Oil Messed Up
Anger grows along the Gulf Coast at the Obama administration’s pathetic response to the largest oil spill in U.S. history.
Jul 5, 2010, Vol. 15, No. 40 • By WINSTON GROOM
Some brave souls are resisting this nonsense. A couple of fire chiefs from the Magnolia River and Fish River communities in Alabama got tangled up in five weeks’ worth of red tape just to bring in equipment to block the oil from getting into their rivers. “They can arrest me and Jamie if they want to,” one of them said, “This is the biggest damn mess I’ve ever seen.”
Fixing the oil leak at the bottom of the gulf is, understandably, not something the U.S. government could be expected to do very well. So the Obama administration put the Coast Guard in charge of overseeing BP’s efforts, as well as the containment and cleanup operations. But the president has been careful to distance his administration from the operation and any blame attached to failure, while never losing an opportunity to remind the public that it is all BP’s fault and that they must be responsible for fixing it, cleaning it up, and paying for the mess.
The world has watched the excruciating process unfold and learned strange new expressions such as “Top Hat,” “Junk Shot,” and “Top Kill.” Nothing worked until finally some sort of contraption was lowered over the leaking well, which now captures much of the oil. But why did this all drag out so long, with weeks passing in between BP’s various attempts to stem the flow? Apparently BP would wait until one effort failed before starting another, instead of having everything in place for a new attempt as soon as they gave up on the last. What were our leaders thinking?
All the while, a gargantuan mass of oil has been accumulating in the Gulf of Mexico—not as a monolithic slick, but in many forms. It comes sometimes as thousands, or even hundreds of thousands, of foamy fingers of “orange mousse” or as a sheen or as tarballs or in thick brown globs or pods of oily slab hundreds of acres (or even miles) wide. Day and night it drifts out there, twisting and turning amorphously with the wind, tides, and currents, and washing ashore from Louisiana to Florida—soiling, stinking, killing. And what were the responsible parties doing all this time—those institutions that are supposed to be protecting citizens from this kind of nightmare? From all appearances, they were doing squat!
Two months after the well blowout and the start of the great leak, plans for keeping the oil offshore remain hopelessly inadequate.

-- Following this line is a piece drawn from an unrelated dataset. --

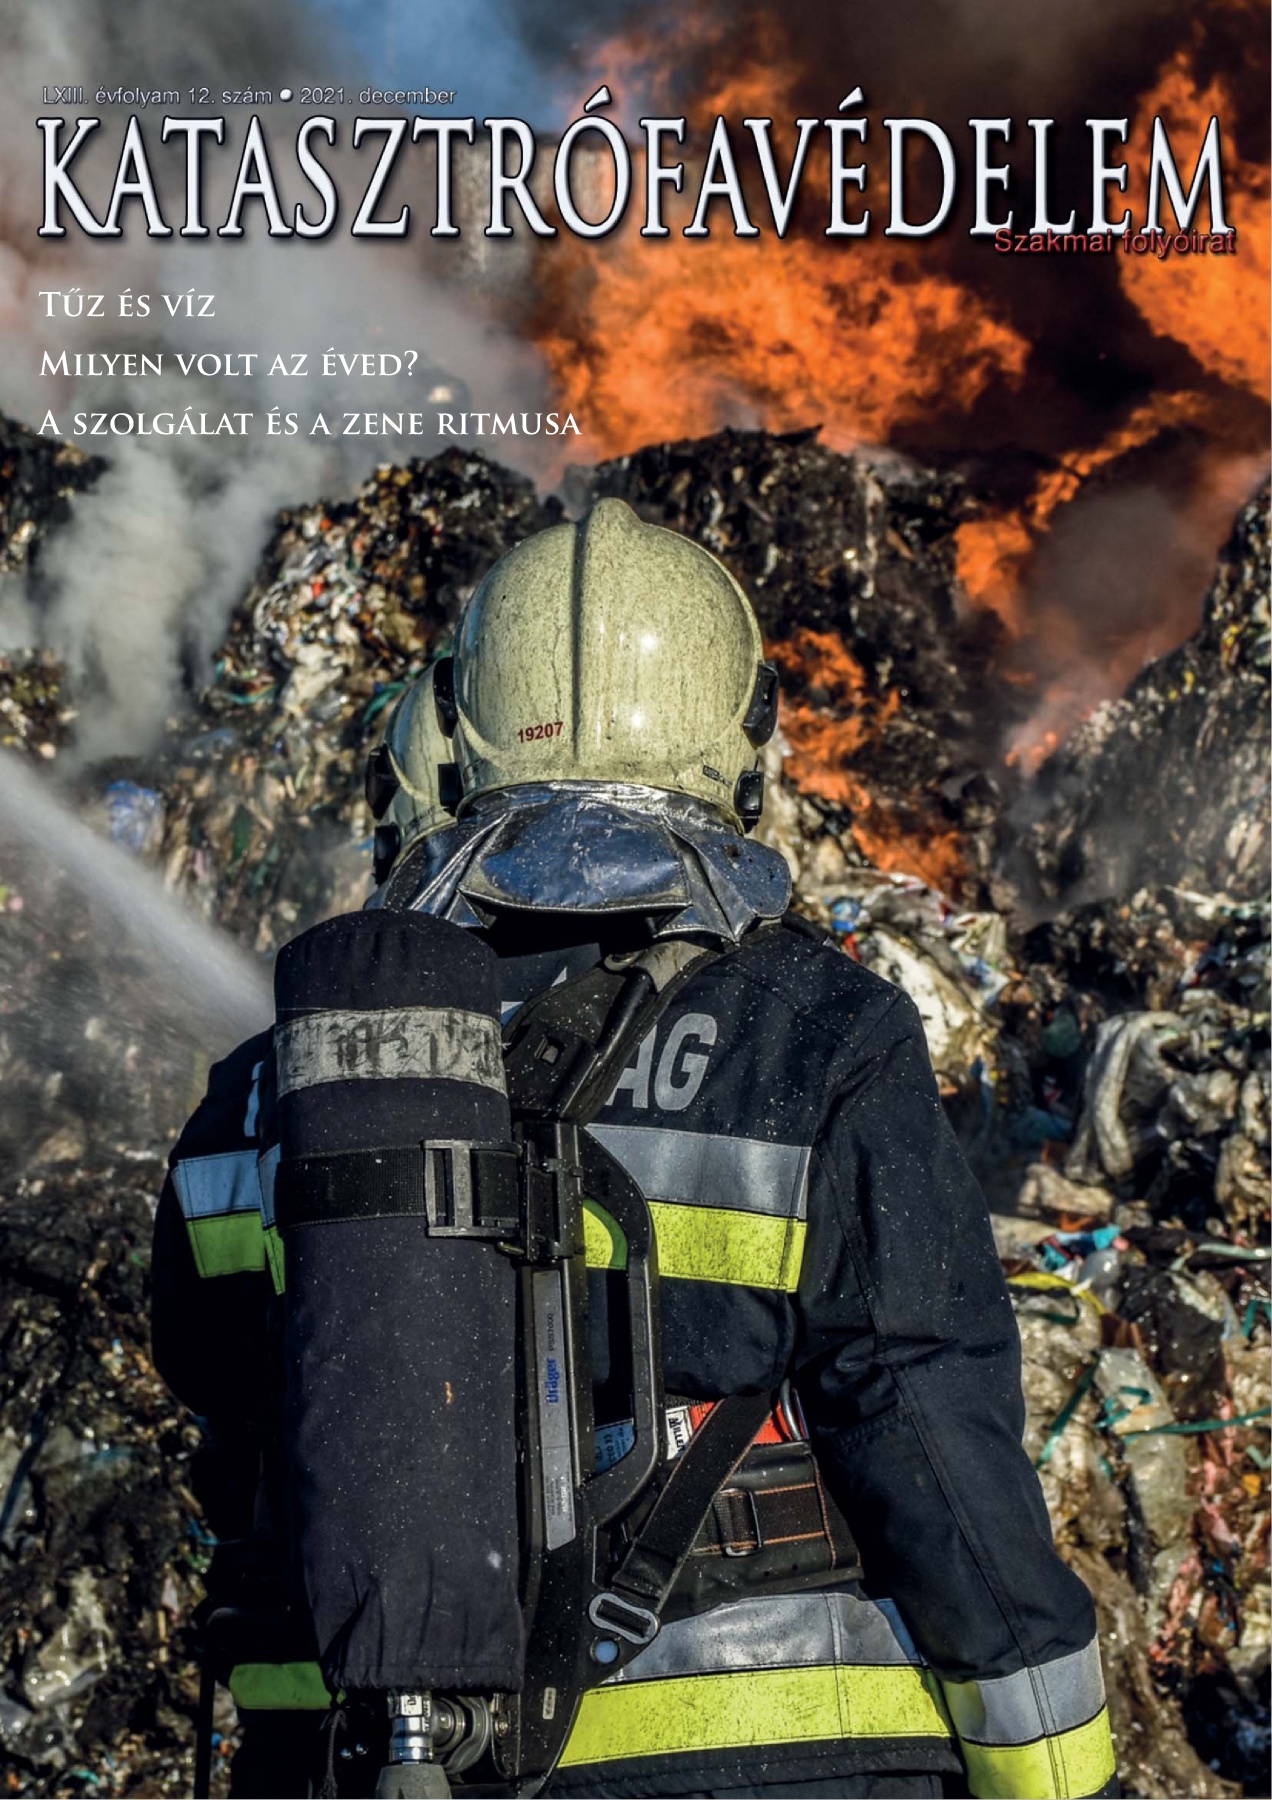 A Katasztrófavédelem magazin LXIII. évfolyam 12. szám megtekintése

The so-called “response” could comprise wonderful material for a new series of Keystone Kops movie shorts. Consider this recent newspaper account of BP’s chief operating officer Doug Suttles touring oil-fouled beaches:
Say what? These people have known for two months there was a giant oil slick forming out there, bound to come onshore, and haven’t figured out how to connect the scout planes with the skimmer boats? Haven’t they ever heard of RadioShack?
Aside from the so-called “dispersants” that BP has been spraying to dissipate the oil, the two main tools for keeping the stuff off the shores are boom and skimmers. (The dispersants themselves were an occasion for a hissy-fit between BP and the EPA, which first approved them, then in response to complaints by scientists, rescinded the approval, then gave BP a deadline to quit using the dispersants, then changed its mind again and huffily reapproved them.)
Boom comes in various forms—large ocean boom, smaller containment boom, absorbent boom—but not nearly enough of it has been available on the Gulf Coast. Alabama governor Bob Riley was infuriated when, after his office secured a dozen miles of hard-to-come-by ocean boom to protect Mobile Bay, he was summarily informed that the Coast Guard had confiscated it for use in Louisiana.
But the most egregious scandal of all is the lack of skimmer boats to remove the oil from the water before it hits land. A few weeks ago, at the height of tourist season, as oil began washing up on beaches in Alabama, the Coast Guard announced that the best way to deal with the problem was to let the oil wash ashore and then clean up the beaches once the tide went out. That tactic proved sadly wrong. A story in the June 20 Mobile Press Register was accompanied by photographs of the vast layers of oily goo that had collected on the bottom in the shallows many yards out from the beaches, killing everything it settled on, and ruining swimming and wading for everyone. Apparently the Coast Guard claimed it was easier to clean up the beaches than to fight the oil before it landed because it lacked enough skimmers.